◆ What to produce ◆
First find the line with "Onair2: Radio Station" in the entries below, then set down exactly every line through the line with "Axe Πακέτο Προσφοράς", that line included.

◆ Material supplied ◆
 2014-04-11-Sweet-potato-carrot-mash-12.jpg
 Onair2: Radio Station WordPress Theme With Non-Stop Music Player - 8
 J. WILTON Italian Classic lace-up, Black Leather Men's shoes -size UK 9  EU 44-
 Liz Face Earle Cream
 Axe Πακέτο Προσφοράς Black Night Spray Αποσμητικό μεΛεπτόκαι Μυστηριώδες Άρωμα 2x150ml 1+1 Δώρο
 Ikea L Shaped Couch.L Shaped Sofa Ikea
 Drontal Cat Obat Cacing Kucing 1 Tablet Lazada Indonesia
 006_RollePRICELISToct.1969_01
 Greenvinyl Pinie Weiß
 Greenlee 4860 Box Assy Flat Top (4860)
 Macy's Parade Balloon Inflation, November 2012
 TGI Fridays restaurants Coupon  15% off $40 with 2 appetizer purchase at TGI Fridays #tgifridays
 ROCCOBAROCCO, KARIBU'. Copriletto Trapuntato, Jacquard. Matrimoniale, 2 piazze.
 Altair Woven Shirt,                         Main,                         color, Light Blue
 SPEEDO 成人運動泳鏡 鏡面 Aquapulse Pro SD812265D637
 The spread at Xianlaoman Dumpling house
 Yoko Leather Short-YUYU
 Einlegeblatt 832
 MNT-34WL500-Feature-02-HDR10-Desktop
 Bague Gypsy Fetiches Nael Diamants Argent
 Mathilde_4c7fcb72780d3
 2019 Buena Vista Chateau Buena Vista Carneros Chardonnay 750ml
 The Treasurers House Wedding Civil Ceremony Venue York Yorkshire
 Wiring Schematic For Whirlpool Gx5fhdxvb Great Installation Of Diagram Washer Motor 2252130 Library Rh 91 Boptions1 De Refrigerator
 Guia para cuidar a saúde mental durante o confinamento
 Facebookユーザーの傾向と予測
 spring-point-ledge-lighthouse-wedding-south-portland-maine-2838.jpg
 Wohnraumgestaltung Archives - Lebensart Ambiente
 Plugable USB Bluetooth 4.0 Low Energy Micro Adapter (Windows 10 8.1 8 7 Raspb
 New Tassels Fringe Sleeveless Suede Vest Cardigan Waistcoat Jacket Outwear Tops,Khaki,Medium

◆ Task answer ◆
 Onair2: Radio Station WordPress Theme With Non-Stop Music Player - 8
 J. WILTON Italian Classic lace-up, Black Leather Men's shoes -size UK 9  EU 44-
 Liz Face Earle Cream
 Axe Πακέτο Προσφοράς Black Night Spray Αποσμητικό μεΛεπτόκαι Μυστηριώδες Άρωμα 2x150ml 1+1 Δώρο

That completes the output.